In some cases, even an early-stage company, whose product is still at an MVP or slightly beyond MVP stage, can also raise money through a metrics pitch. This happens when you are the red hot startup that suddenly sprung up on the scene and is seeing some crazy growth in users. The crazy growth itself is proof of your solution working and being adopted – so you don’t need to spend too much time explaining the problem you are solving and why it better than other solutions in the space. The interesting thing about such cases is, sometimes, there doesn’t even need to be a detailed deck. Just sharing a dashboard/excel sheet/summary showing strong numbers is enough. That alone should get many conversations with VCs going and deals close pretty fast since there are many VCs vying for that startup/founder (have seen this happen).

But the above scenario is rare.
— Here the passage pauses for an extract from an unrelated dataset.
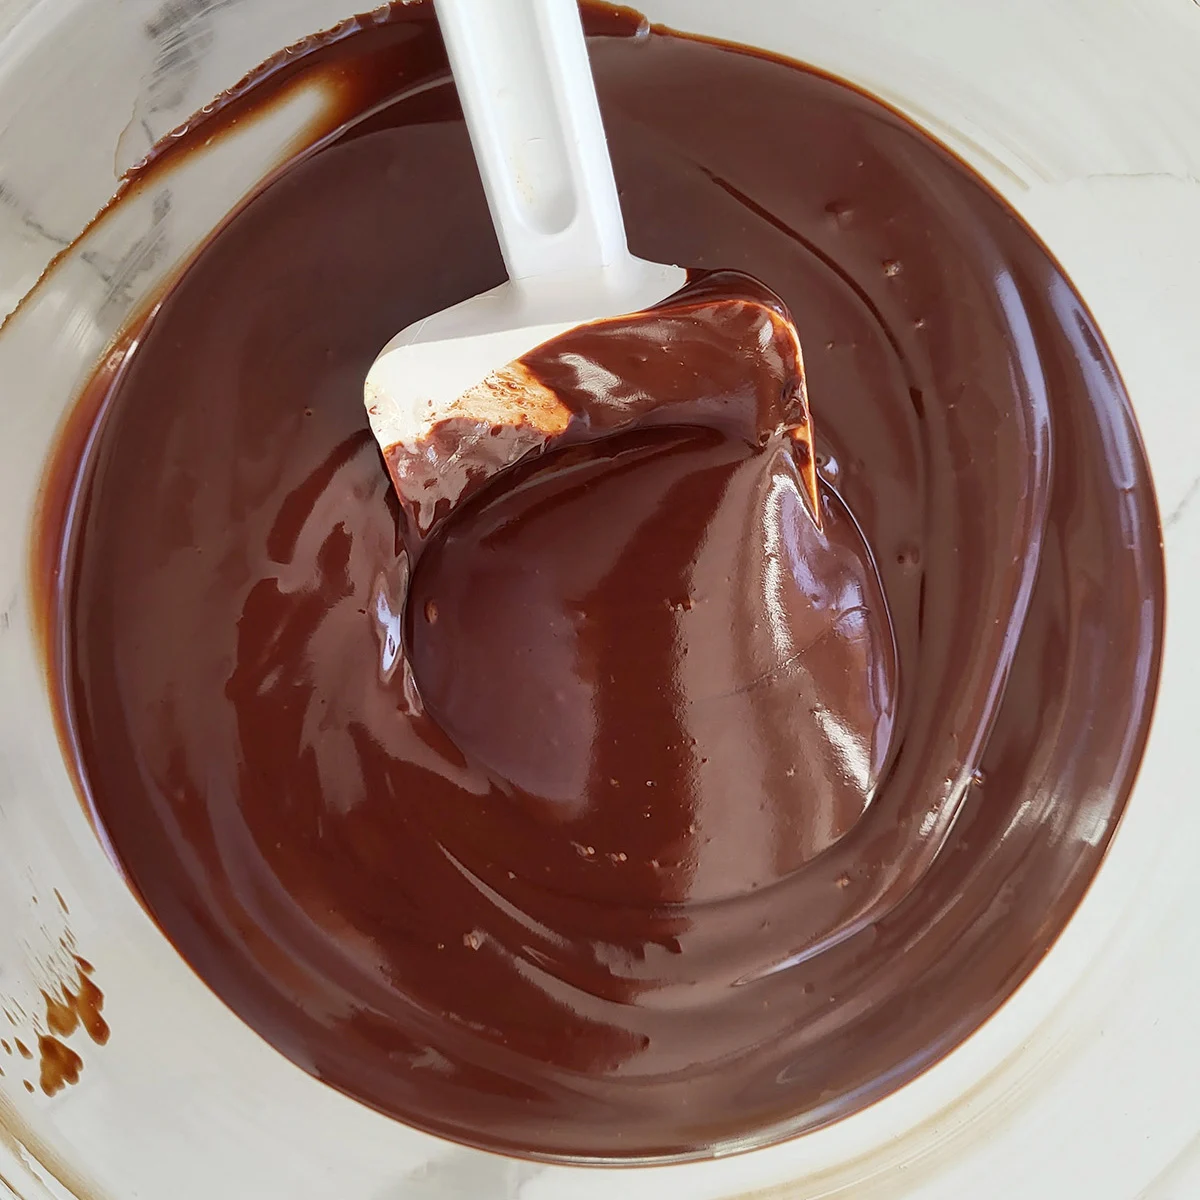 How to make Chocolate Ganache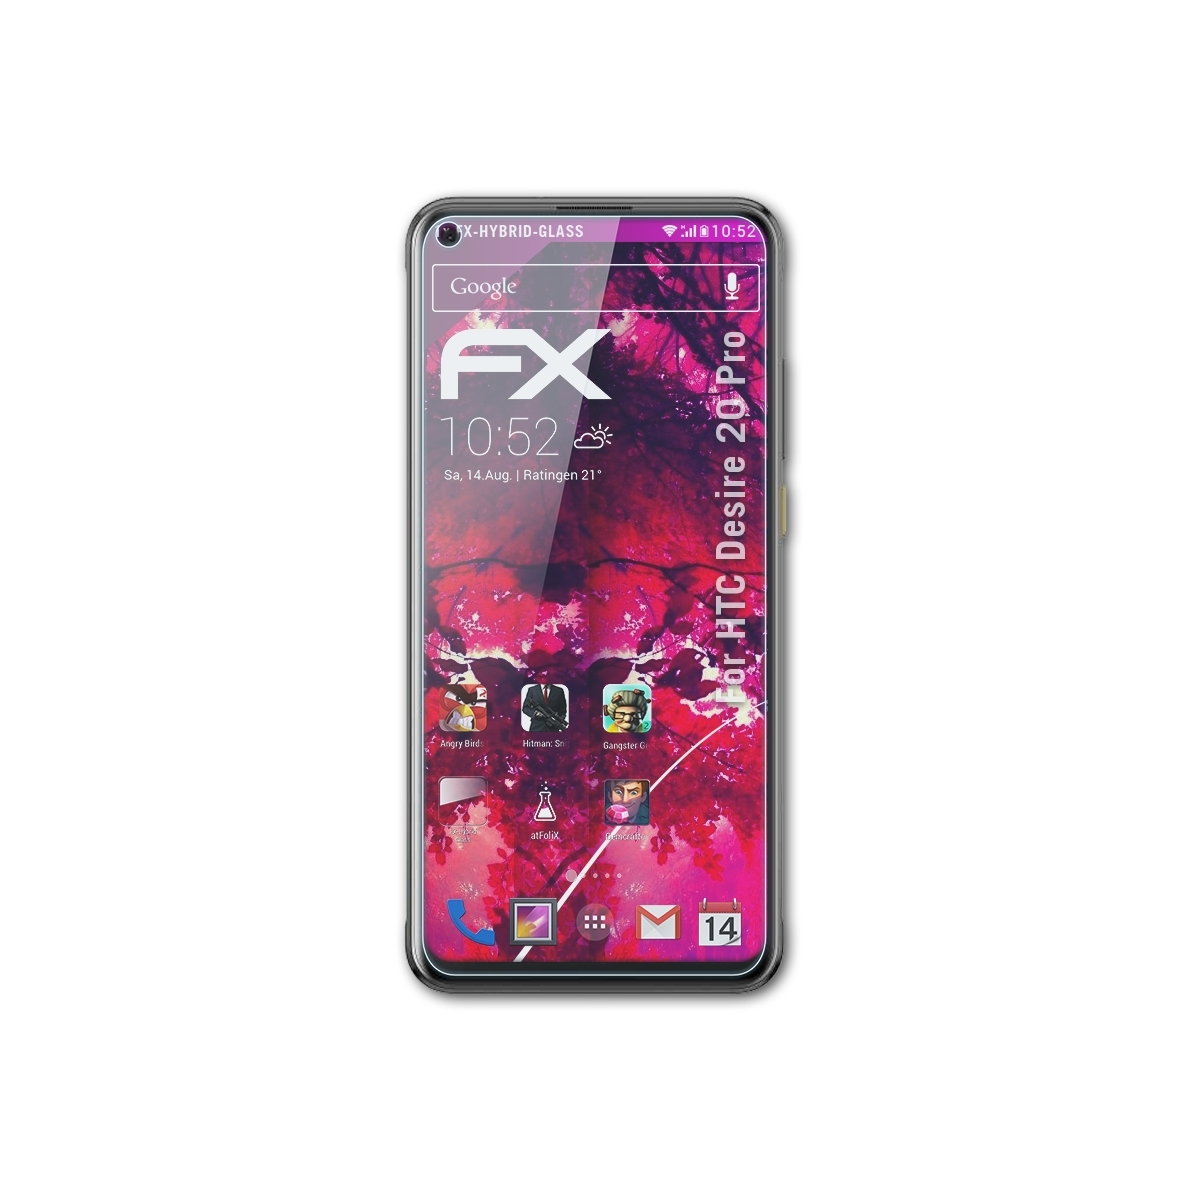 FX-Hybrid-Glass 20 Desire ATFOLIX Pro) HTC Schutzglas(für

Not every early-stage founder can have that luxury. For most, it is a grind for a few years till you have eye-popping numbers that will make VCs throw money at you. Till then, you will have to raise money by selling the vision. This gets us to the second type.

2. The Vision Pitch

In this type of pitch, the larger part of your deck will be focused on laying out the hypothesis for your product and business.

You will spend time convincing the investor of the problem/opportunity you are chasing – that it is a problem worth solving. You will include context to the problem, deep-dive into what the problem is, who the target customer is, and how big the opportunity is (preferably from a bottom-up perspective).

You will then convince the investor about your solution. How it solves the problem, how it is different (and better) than existing solutions, and some proof that your solution is working – usually via some monthly growth metric combined with a few testimonials and rating.

You will also have to convince them about the business model you have built around the product. Here you talk about the revenue model and go-to-market plan. You can include what could be potential moats. Any other strengths in your business like pricing power, partner lock-ins, patents, data etc. If there will be any network effects that will kick in later. One difference I want to call out here vs metrics pitch is – in a vision pitch, most of these points will be at a conceptual level. They haven’t happened yet but you are explaining how you have started building the pieces in place for things like moats or network effects to develop. In a metrics pitch, you will actually prove that your network effects have kicked in through your numbers. You will show a kink in your graph where growth in users started speeding up or CAC started falling or ETAs started falling (whatever is the relevant metric for your business).

Lastly and most importantly, you will have to convince investors of your team’s credibility to build this going forward. That can either come out through showing your team’s past experience if it is relevant (they worked in the same sector or at a competitor). In case that isn’t there, you can prove executions capability through current metrics like traction and capital efficiency. This might be a bit tough since you won’t have a lot of numbers to show but does work at times.

For whom is the vision pitch best suited?

As already mentioned, early stage pitches (seed, Series A) are usually vision pitches. With very less proven execution and the product still undergoing work to reach PMF, the founder has to bank on selling the vision to raise funds. So you talk about hypothesis more than metrics but also balance it out by showing glimpses of evidence wherever possible to support your claims. And best to avoid too tall a claim in a vision pitch. It’s a very thin line between a vision pitch and a faf pitch (or ‘gas pitch’).

A disclaimer before I close. I glossed over what goes into a deck at many places in the post. Wherever I have listed down things you could cover in the pitch – it might not be the exhaustive list or in the right order. I wanted to keep this essay around the kinds of pitches (at a high level) without getting too much into the details of how to build them out. I cover that in an essay I am working on where I deep-dive into building the narrative for an early-stage company.